You shouldn't have to tell her that it was her ice cream wagon!Because of that ,she tought that umbrella-loss is her responsibillity also .
Chris Farmer Chris Farmer 19:36 04.04.2013

Re: Fear

Thinking, always a problem.....

rade.radumilo rade.radumilo 21:52 04.04.2013

Some more practical tips

Here is a couple of practical tips for asking questions in this corner of the world:

1. Any question could be met with a question based on one of these:
a) Why do you ask that?
b) What do you need that for?
The answer to your original question will be based on your answer to this new question.

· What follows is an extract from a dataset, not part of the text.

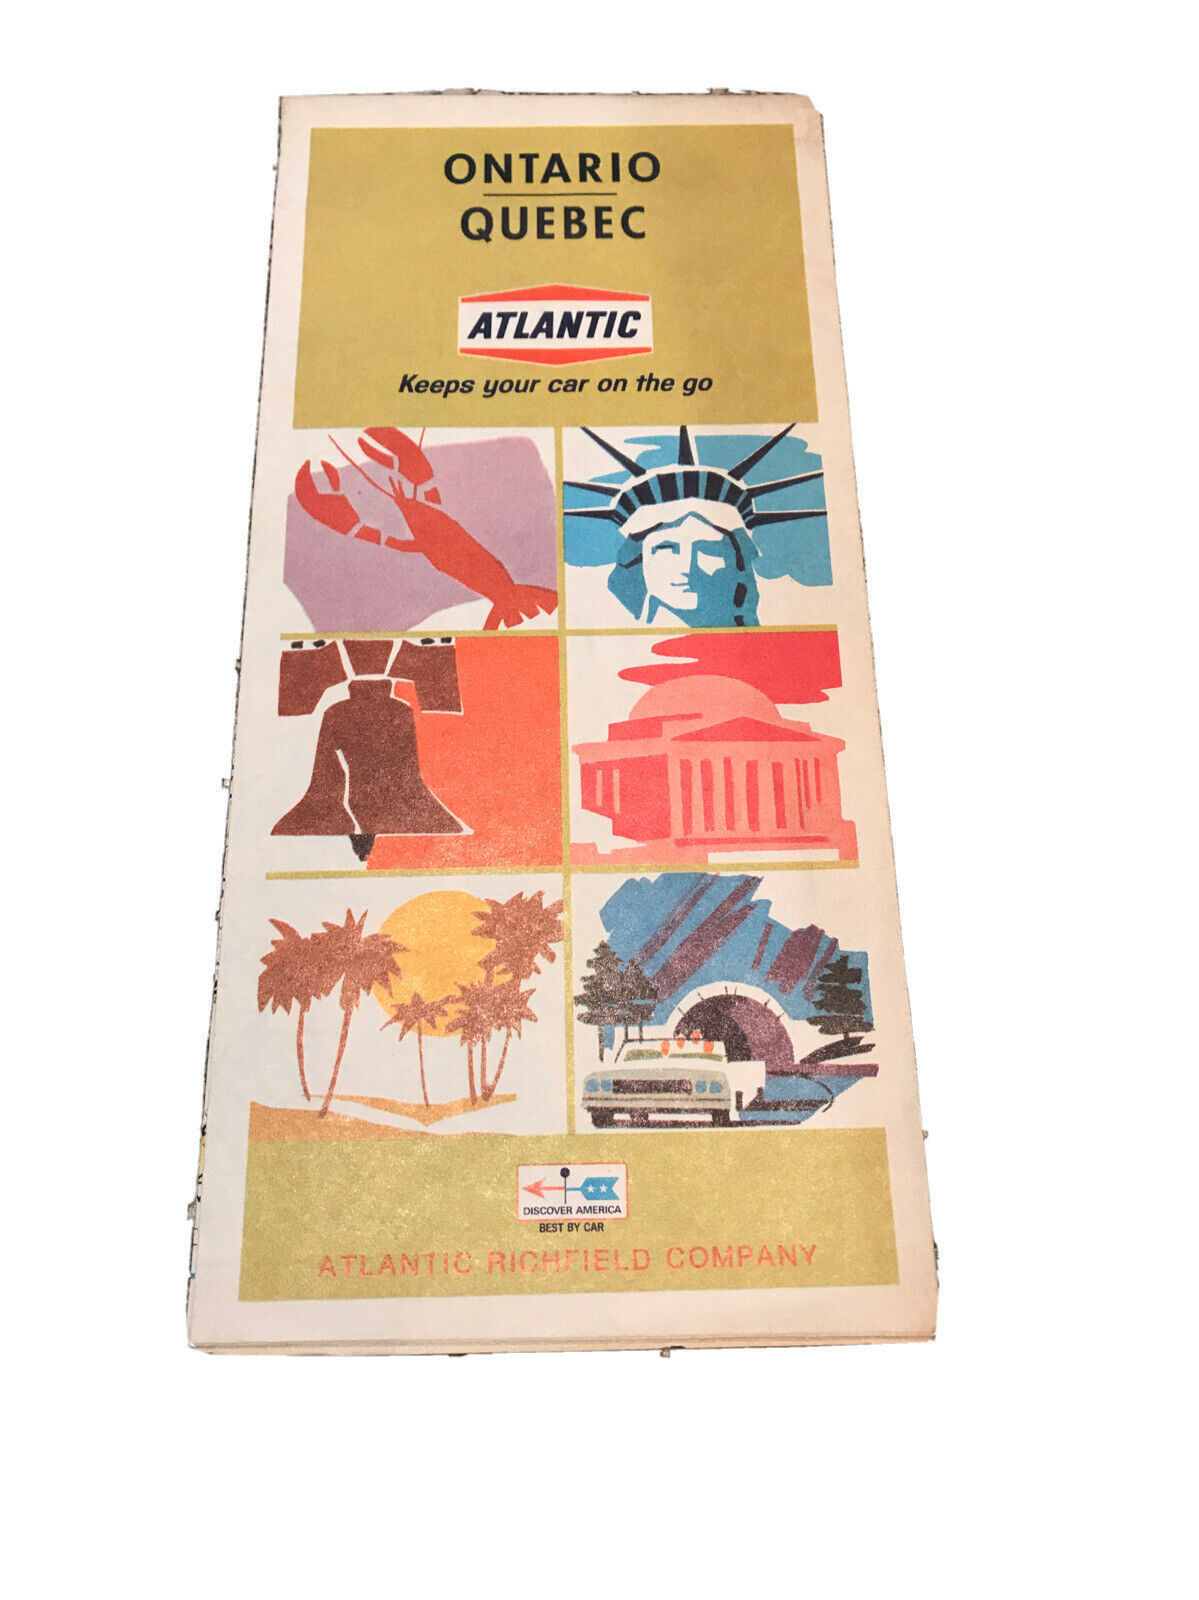 Vintage Atlantic Imperial Quebec Ontario Montreal Highway Road Travel Map 1968

2. The answer: "It's not my problem" is probably best one you could get, although you'll never hear it in it's original form.
Vera Johnson Vera Johnson 00:06 05.04.2013

ohhh chris

u are not from midwest of the usa?

nemoj srati, zivota ti. hope u learned enough serbian to understand...
do you remember K mart and Wall Mart?
G.Cross G.Cross 09:27 05.04.2013

Mujo i Haso

Poso Mujo da pozajmi bicklo od Hase , pa se misli:

sad cu ja da ga lepo zamolim a on ce da kaze

- ne mogu da ti pozajmim, pukla mi guma
- ja cu da kazem, ma nema problema, zalpicu je ja
- a on ce da kaze, ali biciklo je prljavo
- ja cu ka kazem , opracu ga ja
- on ce da kaze ali svetlo ne radi
- ja cu da kazem, pa kupicu ja novu lampu
- on ce da kaze, ali sedalo je pocepano
- ja cu da kazem ; ma nema veze
- on ce da kaze...

i u to dodje pred Hasinu kucu i pozvoni.
Haso otvori,Oooo zdravo Mujo...

I Mujo kaze: Ma jebi se i ti i tvoje beciklo

jedna_jelena jedna_jelena 09:36 05.04.2013


...still remember how did I steel one. Unintentionally, in defense, :).
It happened in bus 27. I had the big one, with the big hook at the end. Still have, it's great, but truly impractical. Specially for the crowded 27.
Somehow, I grabbed a seat and found out that girl next to me had the similar one. Very soon it became clear that at least one of us will end with wet trousers IF we don't do something. She was nice and smiling, I was nice and smiling and she accepted the idea that I take both the umbrellas and hold it in my right hand, with slight moving to her seat. Very good solution, since nobody hasn't get wet, neither one of us nor people who was standing between the seats. I was sooooo proud of us.
Than we reached my station, I stand up, say very smiley hi to fellow traveler, get the same from her and walked out of the bus with BOTH the umbrellas in the hand. And crossed the street and than realized what have just done.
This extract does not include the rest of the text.